▸ **Goal of the exercise**
Copy each line below as written, but skip the pictures.

▸ **Supplied information**

'''

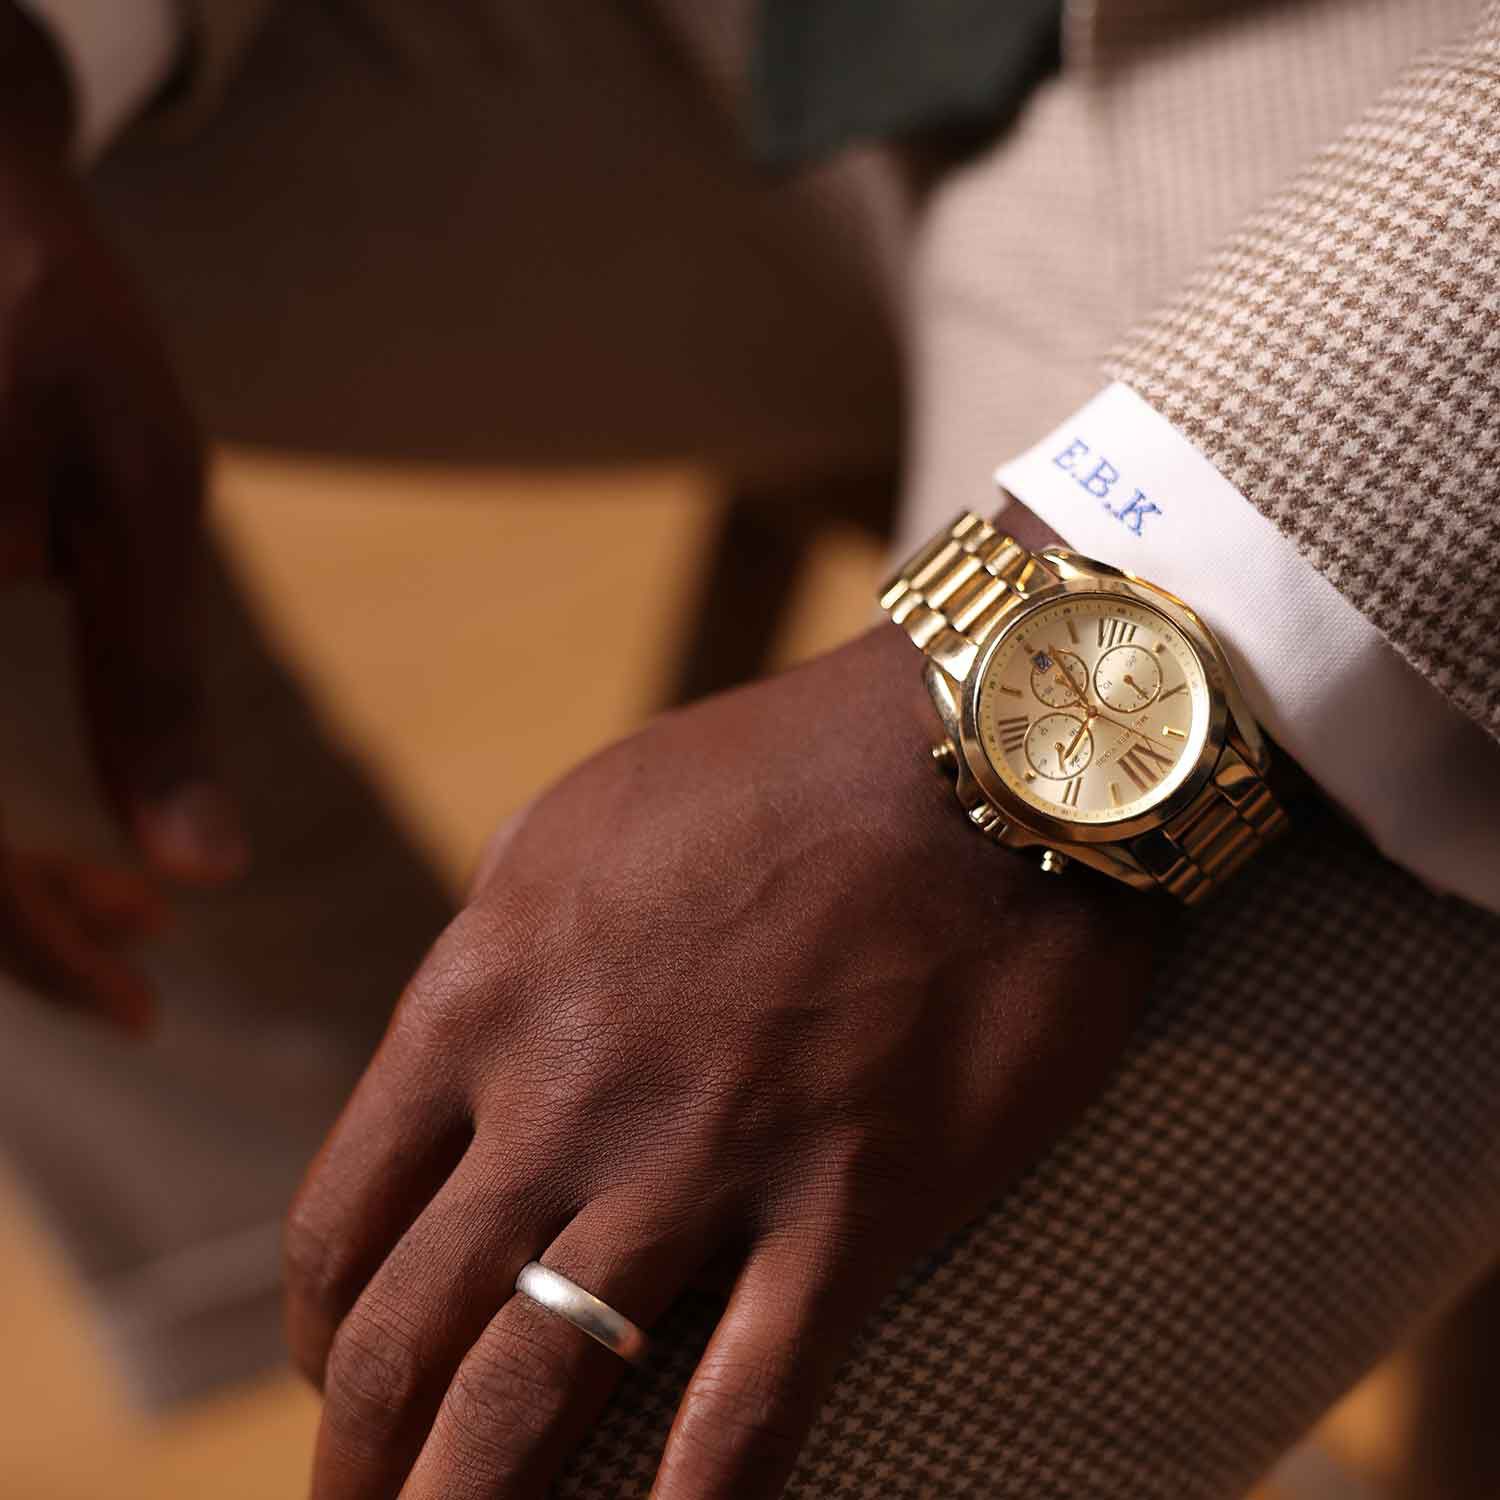 Michael Kors MK8599 Grayson Gold Watch 47mm
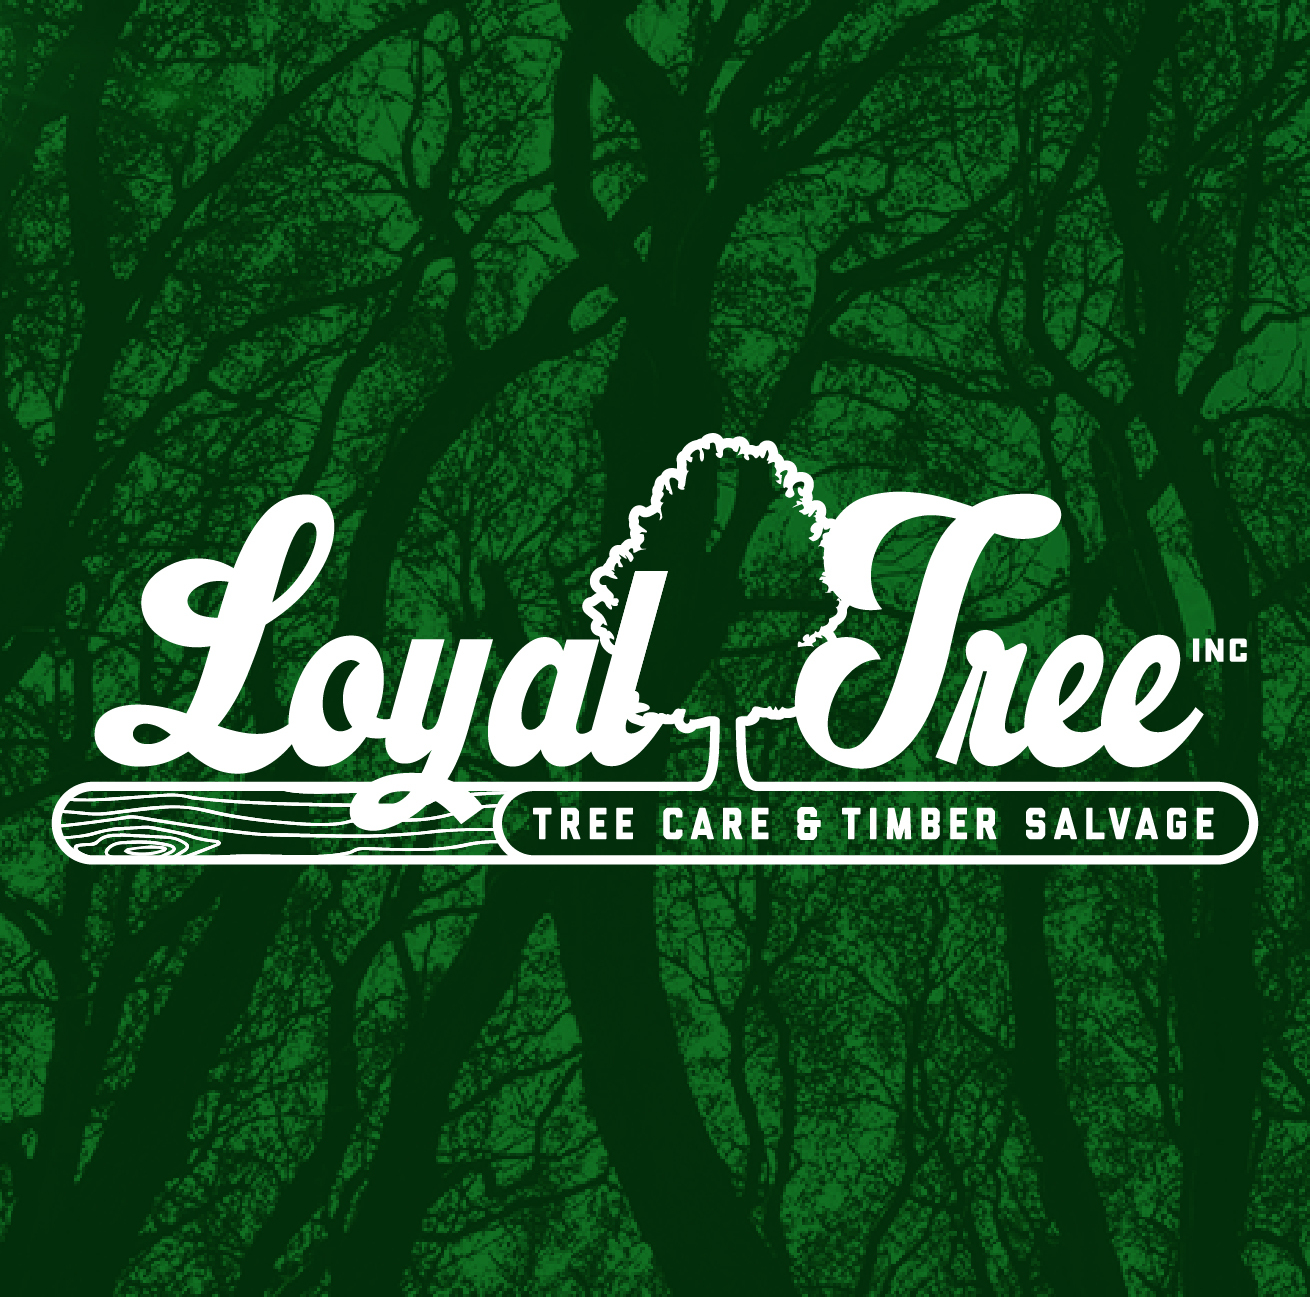 Loyal Tree Inc.'s logo
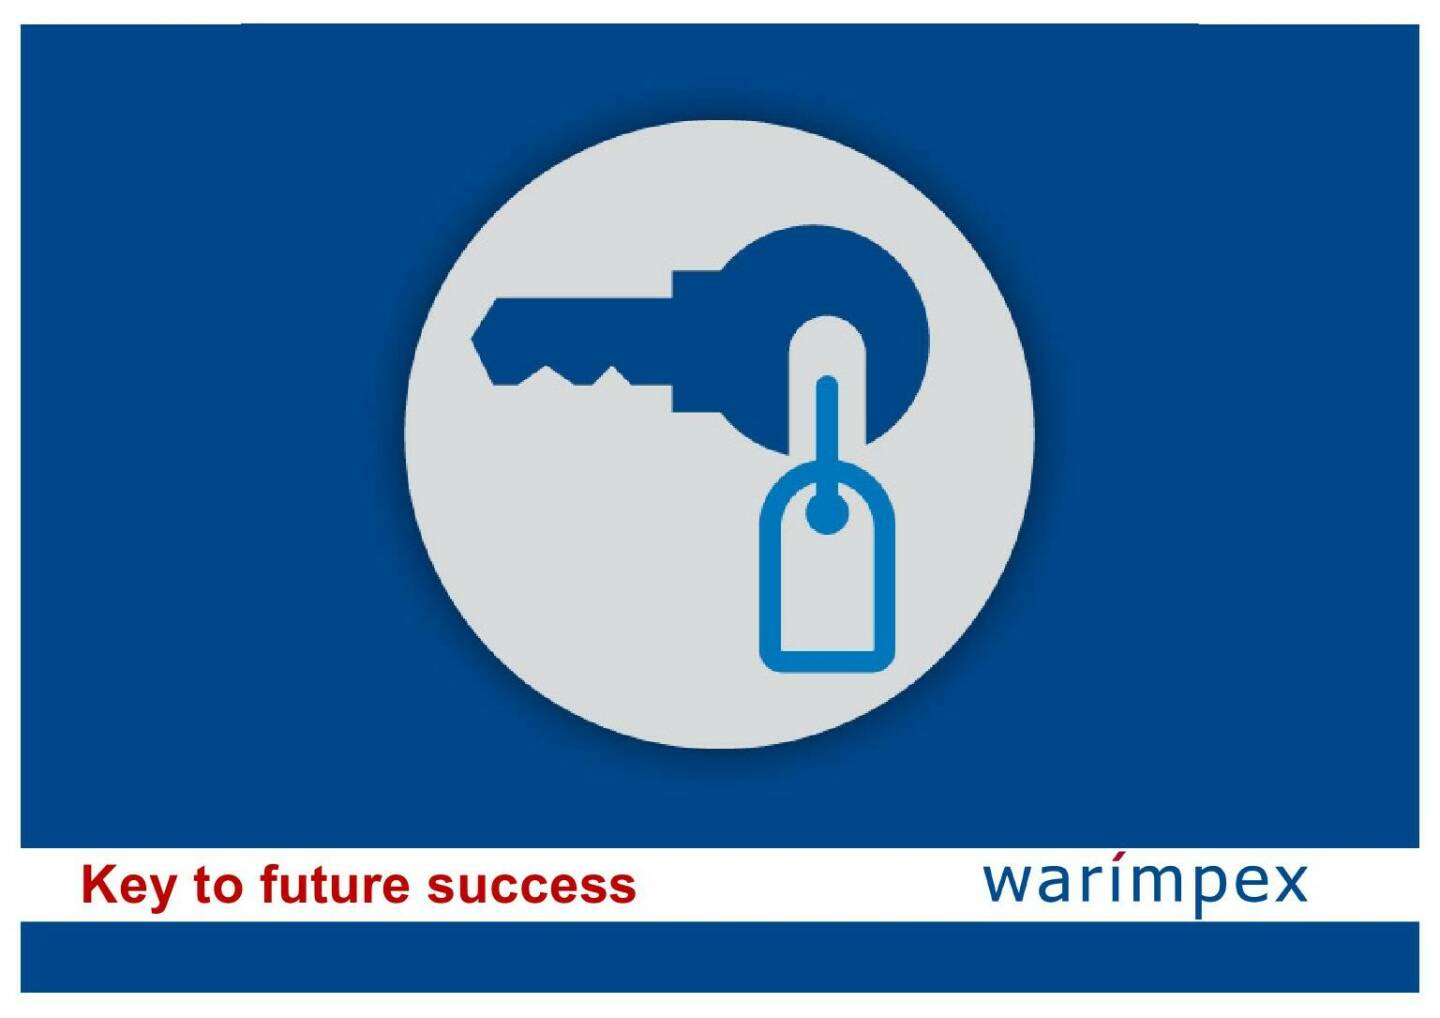 Warimpex - Key to future success

'''

▸ **Solution for this exercise**
 Michael Kors MK8599 Grayson Gold Watch 47mm
 Loyal Tree Inc.'s logo
 Warimpex - Key to future success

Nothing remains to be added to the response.